O Banco Central voltou a intervir pesado no câmbio, ontem. Se
estimativas de mercado estiverem
corretas, é possível que o BC tenha gasto, em uma semana, algo
perto de US$ 1,4 bilhão no mercado à vista, mais R$ 5,4 bilhões líquidos em títulos indexados, para
tentar segurar o câmbio. Mesmo
assim, foi difícil segurar a cotação
perto de R$ 2,30 por dólar.
Tudo indica que, após deixar o
câmbio se acomodar alguns dias,
para ver até onde podia cair, várias empresas estão se convencendo que R$ 2,30 é um bom preço
para voltar a comprar proteção
contra alta ("hedge"), o que pressiona a cotação. Ontem, esta pressão foi clara. O BC tem bala na
agulha para tentar forçar uma
nova queda de patamar, mas corre o risco de gastar demais, o que
seria um convite aos especuladores para testá-lo.
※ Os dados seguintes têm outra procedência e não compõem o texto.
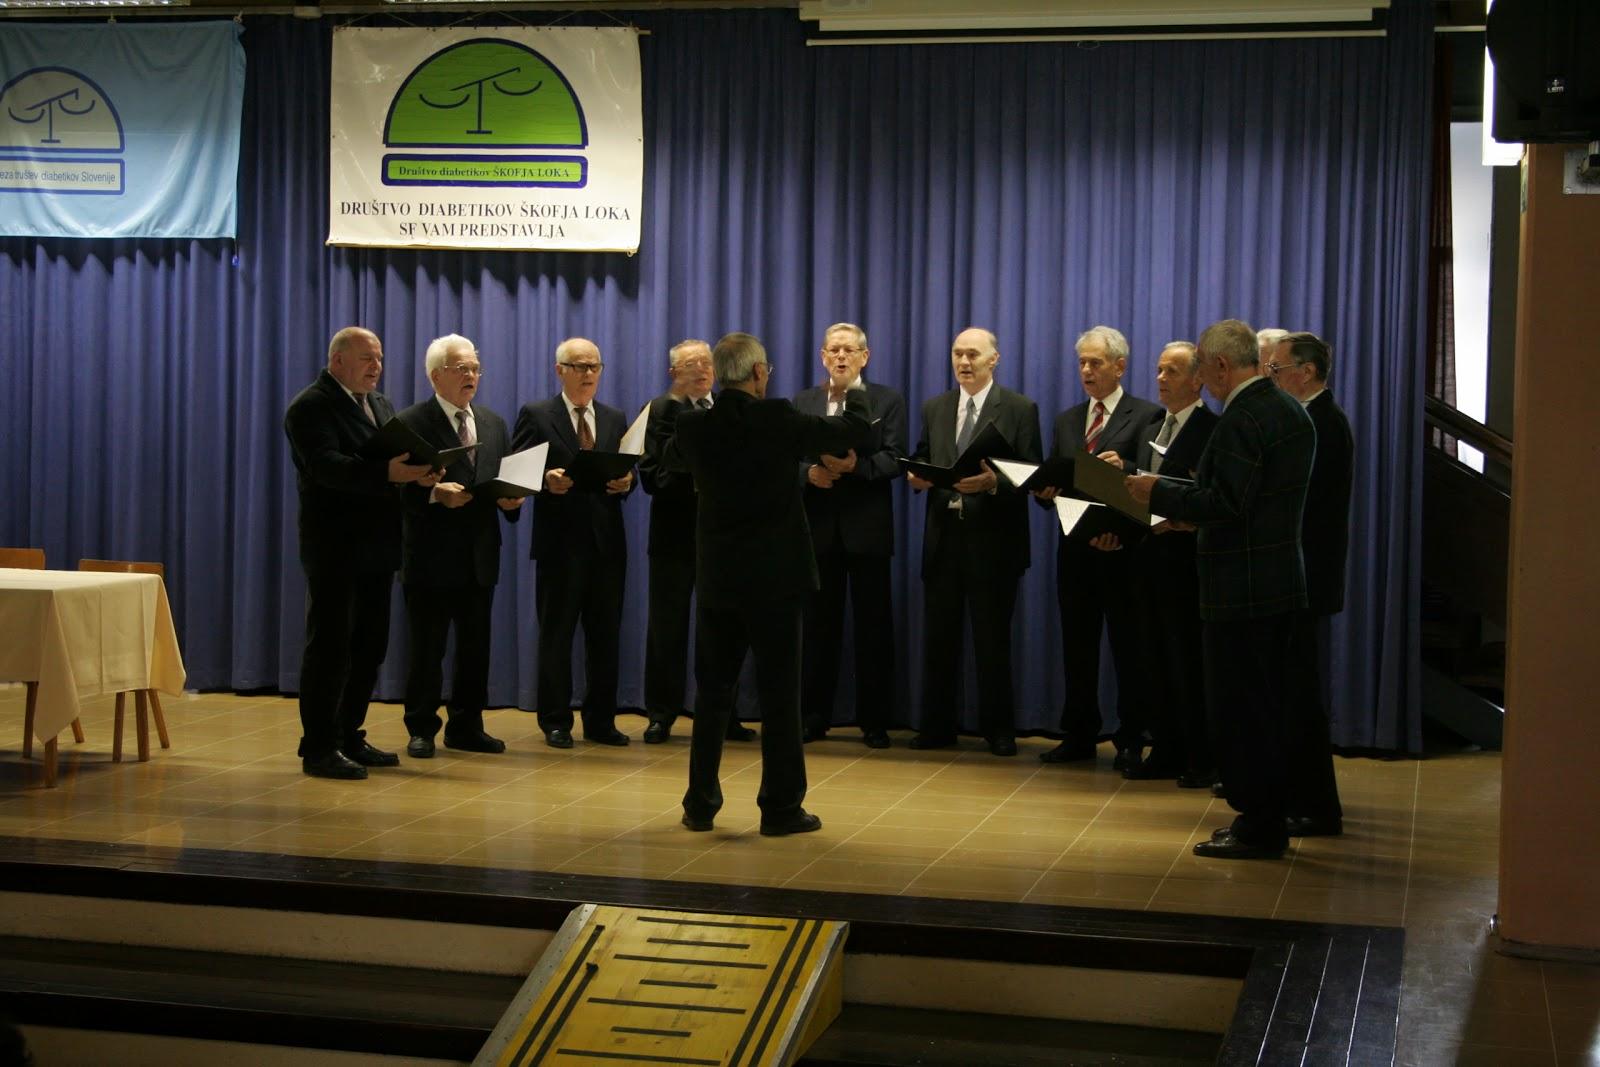 Občni zbor 2013 - IMG_8917.JPG

É uma má notícia. O câmbio a
R$ 2,30 não é baixo o suficiente
para dar tranquilidade em relação à dívida pública. O banco
CSFB-Garantia calcula que, se o
câmbio ficar em R$ 2,30, a dívida
líquida fecha o ano em 53% do
PIB (supondo um crescimento de
2,5%, IPCA de 5,9% e juros médios de 17,75%). Como ainda é
preciso somar mais 1% do PIB por
conta do saneamento dos bancos
federais, a dívida líquida fecharia
em 54% do PIB, comparado a
49,3% em 2000. Um resultado
mais do que decepcionante para
um país que está gerando um dos
maiores superávits primários do
mundo (6,1% do PIB de janeiro a
abril e previsão de 3% no ano).
Desde que lançou a proposta de
renegociação, Ciro Gomes trabalhou na idéia. Ele argumenta que
sua proposta não é nada mais do
que Domingo Cavallo acabou de
fazer na Argentina, com aplauso
do FMI: trocar dívida curta por
dívida mais longa, de forma voluntária, oferecendo juros mais
atraentes como estímulo. Irônico,
Ciro diz que, como Cavallo deu
um nome inglês à sua operação,
"swap", as pessoas gostaram.
O argumento central de Ciro é
que, tentar resolver o problema
da dívida interna pela ortodoxia,
gerando superávits fiscais crescentes, custa caro para a economia e não funciona. Duas outras
opções ele rejeita: um calote ou
desvalorizar a dívida deixando a
inflação disparar. Sobra uma renegociação voluntária, induzida
pelo governo. À la Cavallo.
Ele acha que pode sentar à mesa com grandes detentores da dívida, como os fundos de pensão, e
convencê-los a aceitar uma ampliação de prazo, em troca de
maiores juros. Sabe-se que já andou sondando alguns fundos. A
dívida está pulverizada entre milhares de investidores, mas a
maior parte está concentrada em
poucos administradores e bancos.
O problema da proposta de Ciro
é idêntico ao de Cavallo. Mesmo
que a operação seja um sucesso,
como foi na Argentina, ela implica em ganhar alguns anos de
tranquilidade, mas piorar o custo
da dívida a longo prazo. Só funciona se, durante os anos de tranquilidade, a economia crescer
muito e com uma política fiscal
consistente.
Ciro, é claro, acha que poderá
fazer isso. Suas propostas de reformas tributária e previdenciária
são conhecidas. A essência é acabar com a tributação sobre a produção e elevar a tributação sobre
o consumo, além de fazer uma
ampla mudança previdenciária.
Acha que poderá aprovar isso tudo com plebiscitos nacionais. Não
é simples e tem riscos.
Menos conhecidas do público
são suas opiniões sobre dois outros temas importantes: as metas
inflacionárias e a independência
do BC. Ele é claramente favorável
a um BC independente, mas desde que a mudança seja feita a
partir do novo governo, não deste.
Sobre metas inflacionárias, ele
apóia, mas com qualificações.
Acha que deve haver, sim, uma
meta de inflação a ser perseguida,
mas junto com uma meta para o
crescimento.
Ele diz que um grupo de economistas o está ajudando a montar
um modelo econômico que procure determinar quais a limitações para se atingir diferentes metas de crescimento. Por exemplo:
se o país quiser crescer 6% ao ano,
quais as restrições nas contas externas, na infra-estrutura e na inflação que haveria? Se as restrições não são facilmente superáveis, então o que seria preciso para se crescer a 5%?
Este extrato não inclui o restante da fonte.